Excerpt 2-1: Collaborative chanting


03182018_taiko_main_3-1
CO: Courtney, JO: John, CA: Carrie, JI: Jim, JU: Justin

Grossly speaking, Excerpt 2 can be divided into “collaborative” and “competitive” chanting. There are some details that
cannot be thoroughly examined here, such as Justin's humorous remark on the earlier confusion regarding the starting
position (13e14). Aside from that, the first half (12e19) shows a structure almost identical to what we saw earlier. John
laminates kuchi-shoga and the pointing gesture, a configuration used in Excerpt 1, to ascribe each beat/stroke to a specific
performer and their drum (♪A, ♪B, ♪C). The recipients, except Carrie, whose “sock-removing” presents her as not entirely
engaged in the current activity, display a joint orientation (Nishizaka, 2006) to the unfolding of the embodied allocations
through choral chanting.
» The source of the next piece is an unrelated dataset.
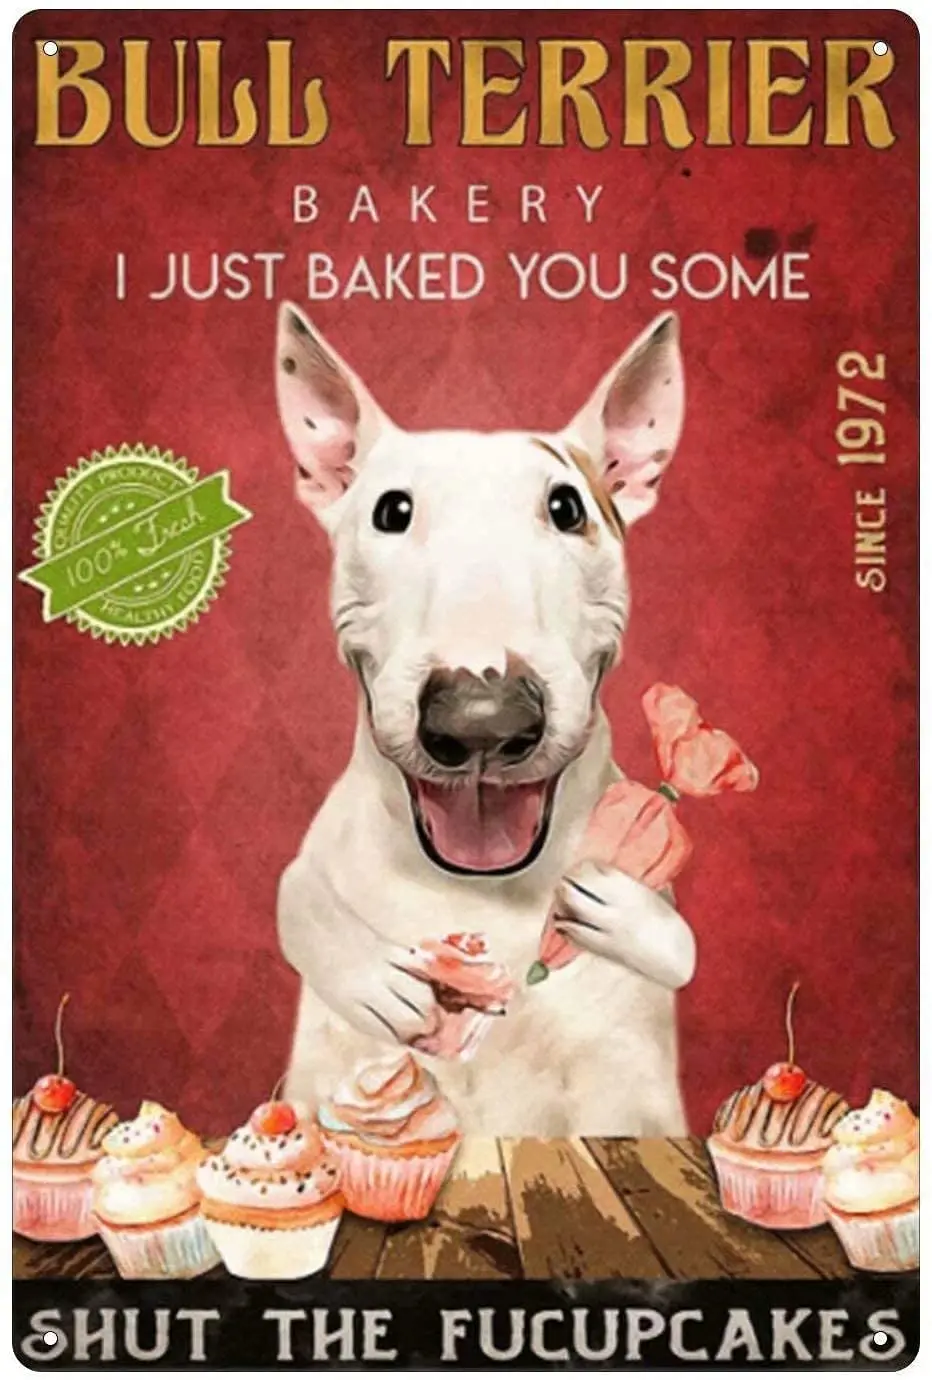 

Funny Dog Metal Tin Sign Bull Terrier Bakery I Just Baked You Some Shut The Fucupcakes Metal Poster Dessert Decoration Plaque

Justin's chiming-in demonstrates both structural alignment and active engagement in the activity-
in-progress (17e19).
Note, also, how the last measure of the “rapid-fire” section (doko doko don) is chanted in perfect sync, in a decisive, falling
intonation (18e19). According to Keevallik (2020b), synchronization is “both a local and an activity-based achievement” (p.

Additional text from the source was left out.